Soul-searching in China


China's roads are among the world's most dangerous, with traffic laws and safety widely flouted, as almost 70,000 people died in road accidents in 2009, or around 190 fatalities a day, according to police statistics.



As people in Foshan, China, promised to wage war on indifference, police there have arrested two drivers for the hit-and-run death of a toddler that sparked national outcry and a wave of soul-searching over unwillingness to help strangers.

Hong Kong's South China Morning Post reports that thousands marched in the city of Guangzhou, with a smaller gathering in nearby Foshan city, where toddler Wang Yue, better known as "Yue Yue," died several days after the hit-and-run incident a week ago. The girl, who wandered away from her parents near their shop, was struck twice by a van then left bleeding in the street as 18 people passed her by and did nothing. In the end, a garbage collector saw the girl and called for help, moving her out of the road where she had been hit by a second car. The entire horrifying scene was captured on security cameras and the video has started a nationwide discussion about Chinese people's reluctance to help strangers, or assist in emergencies.

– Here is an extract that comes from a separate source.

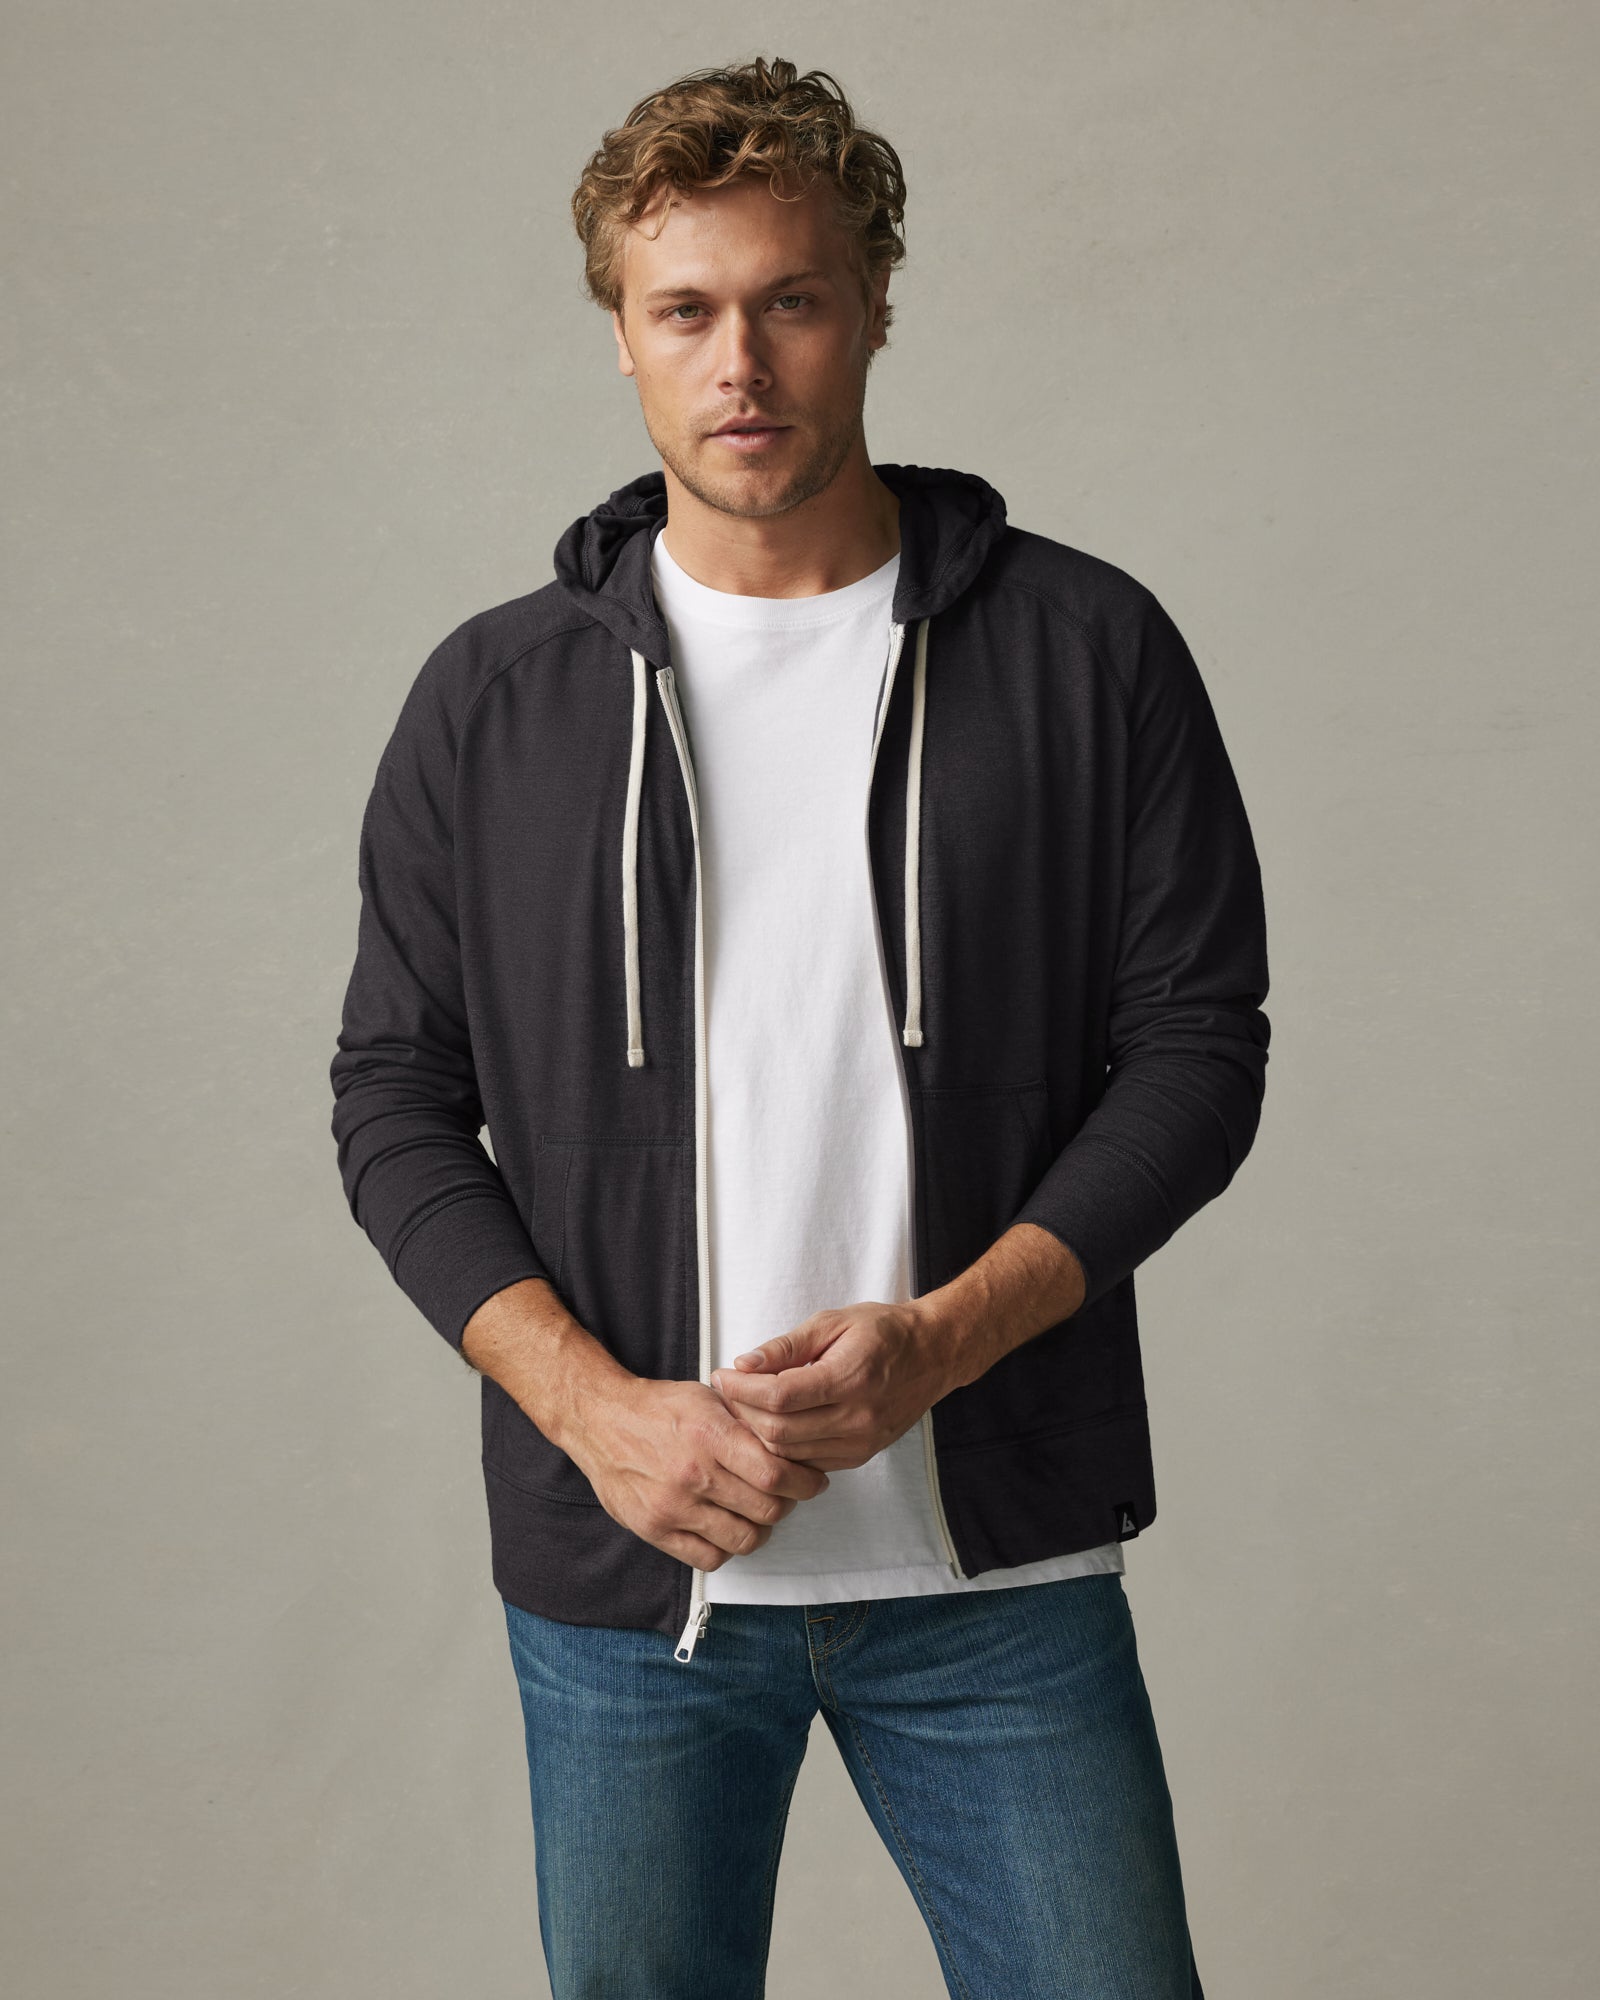 S Lightweight Full Zip - Black Solid by American Giant - Made in The USA

Some blame the government system of repression, others a faulty court system that can assign guilt and financial responsibility to good Samaritans. Still others say China's relentless pursuit of wealth has simply created a mean society.

In a column for the Guardian on Saturday, Chinese author Zhang Lijia said the answer is complex and the situation was created by a combination of factors.

"To drag China out of its moral crisis will be a long battle," wrote Zhang. "The pressing question is how to make people act in cases of emergency and the solution is law."